_COLLECTED DATA_
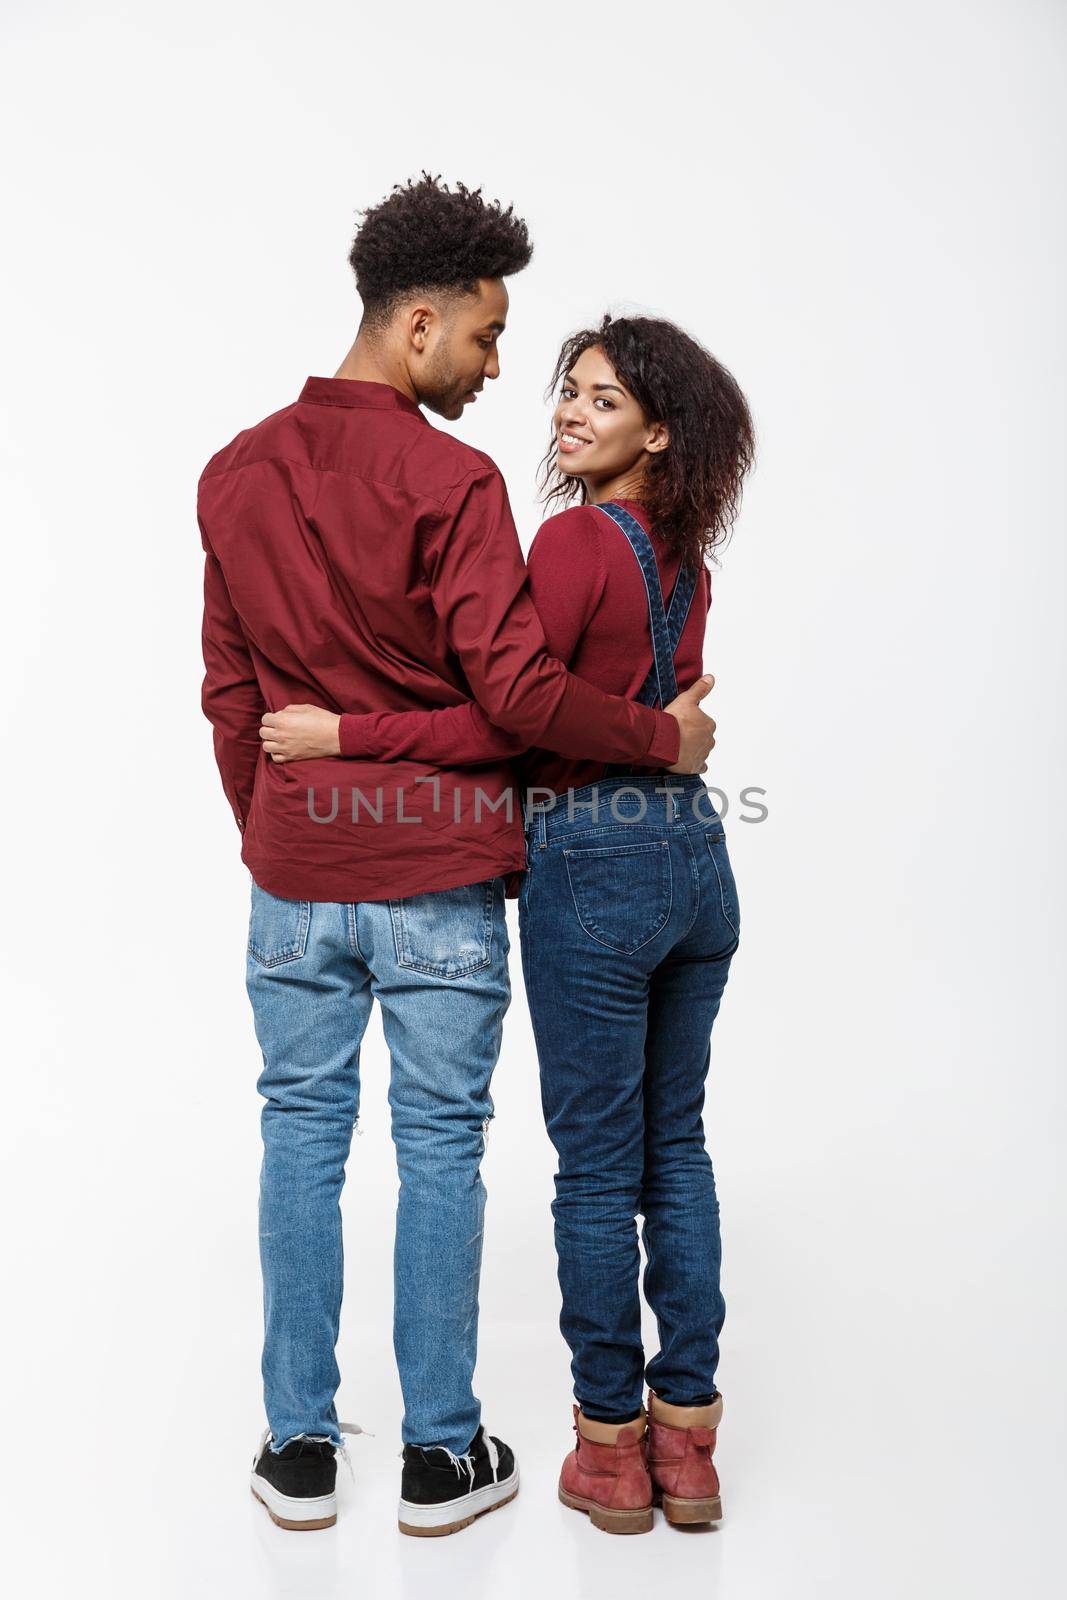 Full lenght back view of young African American couple hugging together isolated on white background.
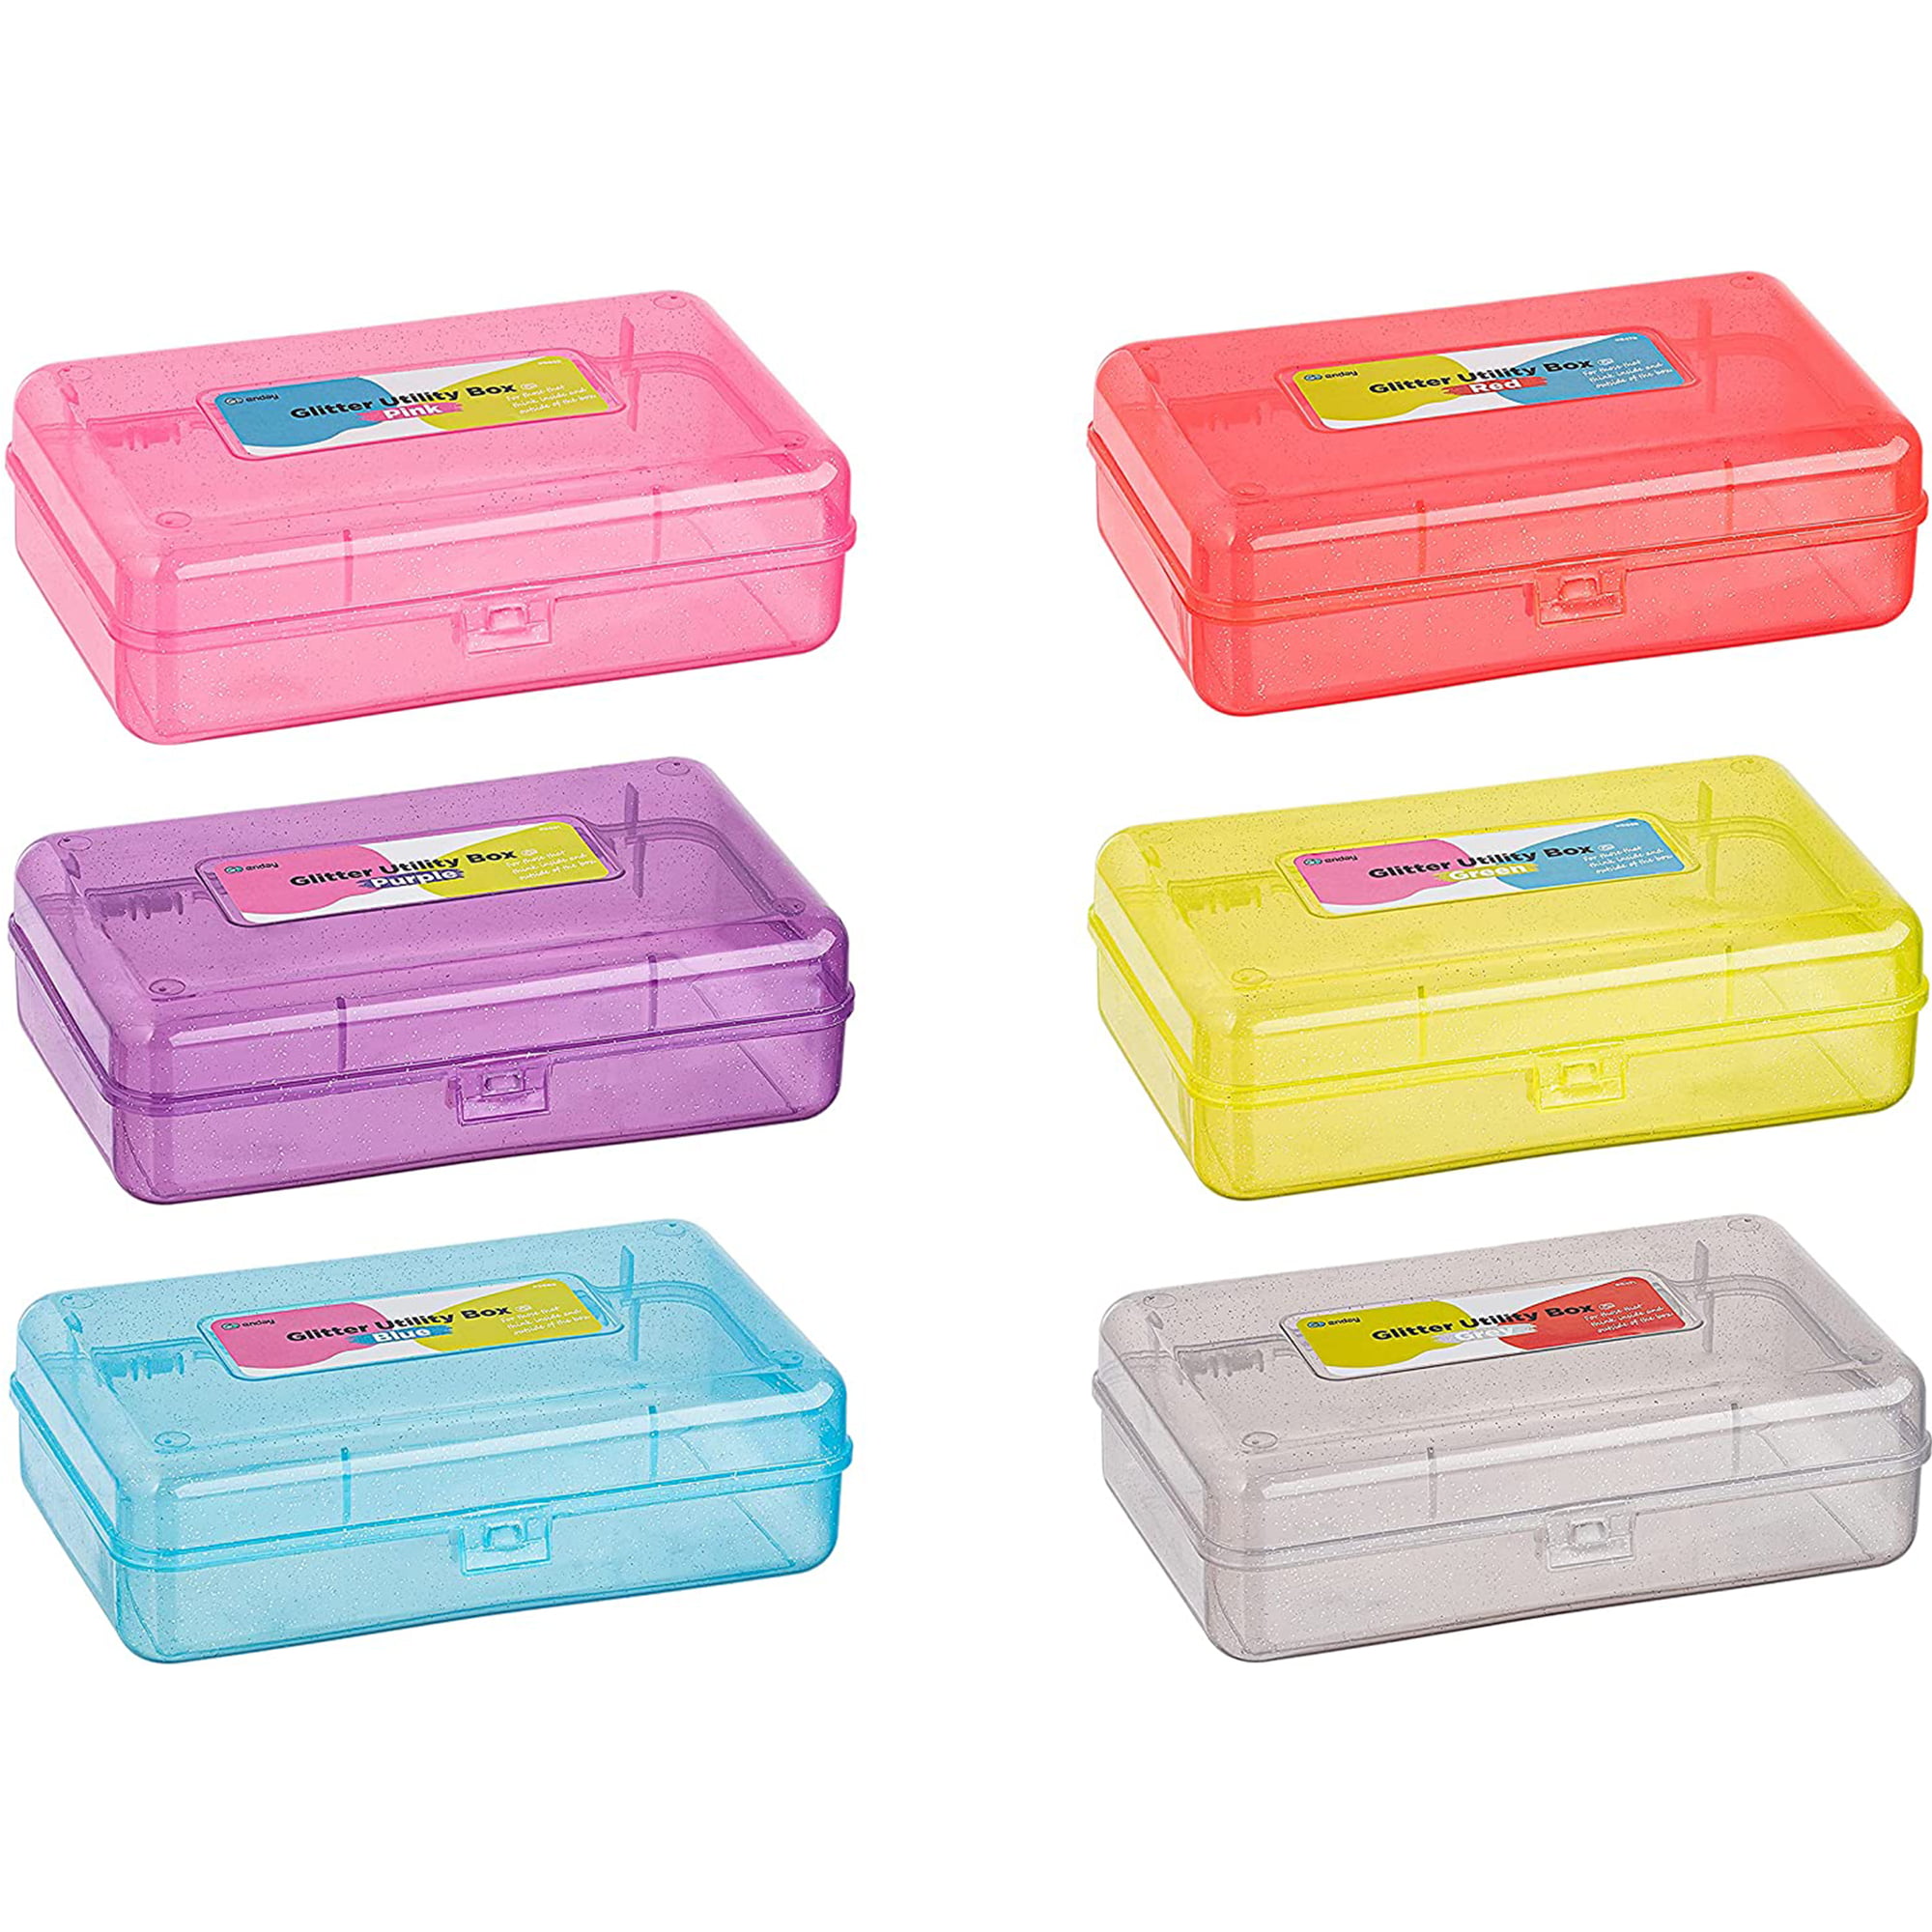 It's Academic Hard Plastic Pencil Box, Pink and Blue
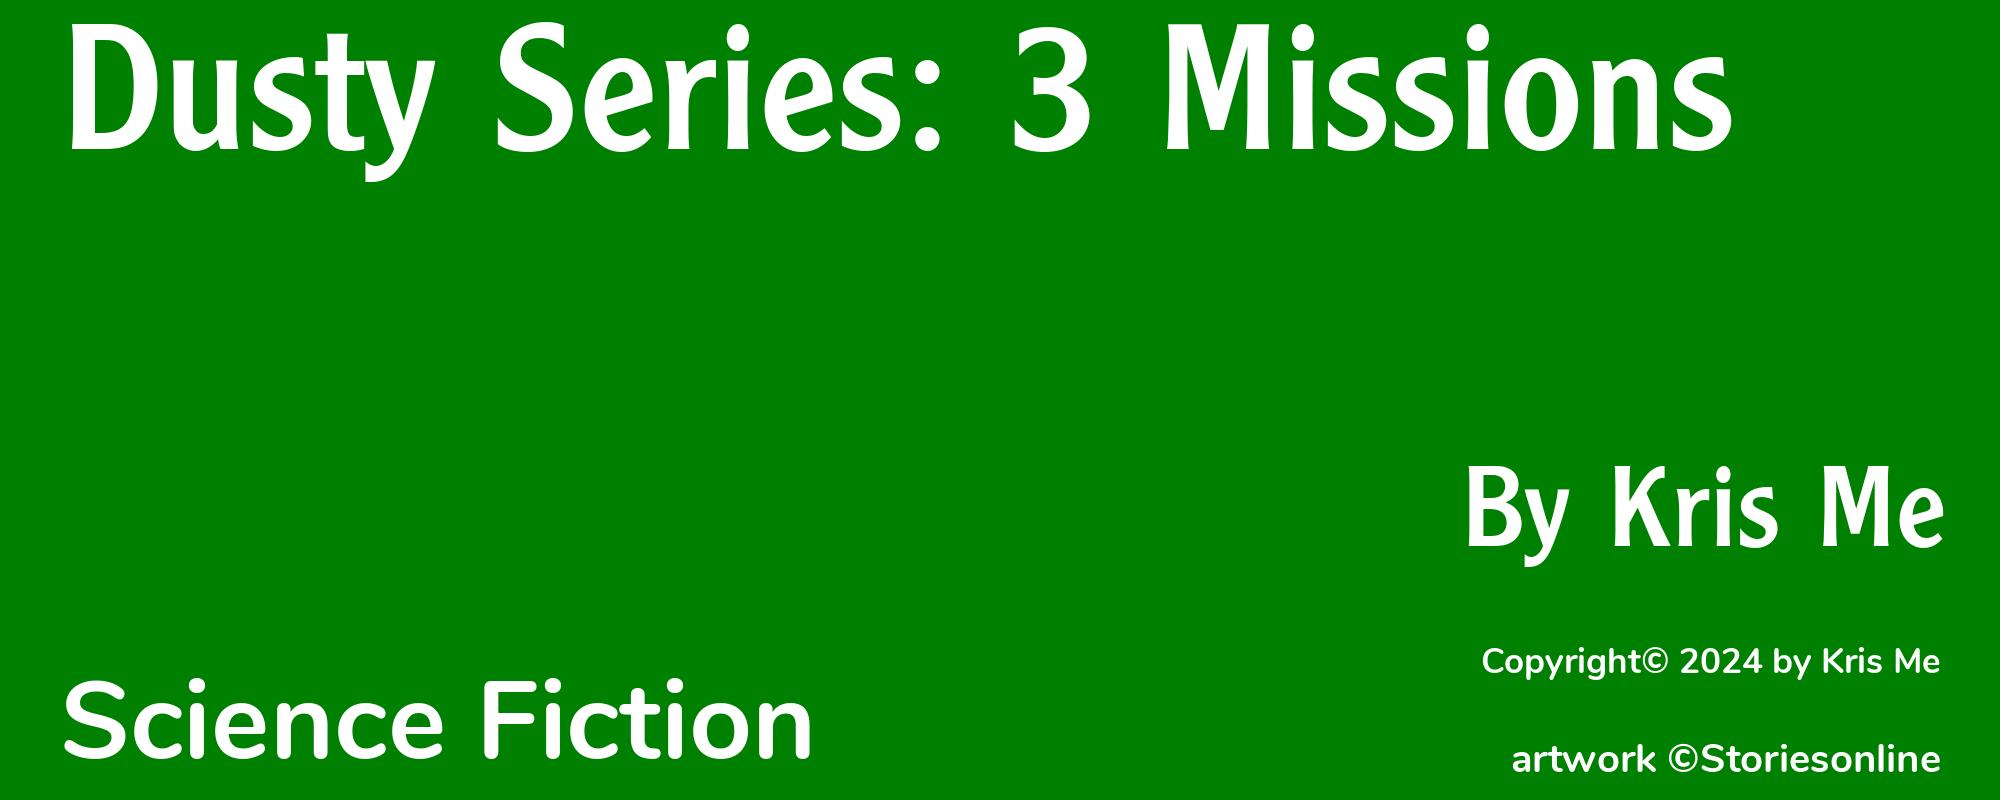 Dusty Series: 3 Missions - Cover

_PROBLEM DETAILS_
Repeat the data in full, exactly as it stands, but drop every picture.

_WRITTEN RESPONSE_
 Full lenght back view of young African American couple hugging together isolated on white background.
 It's Academic Hard Plastic Pencil Box, Pink and Blue
 Dusty Series: 3 Missions - Cover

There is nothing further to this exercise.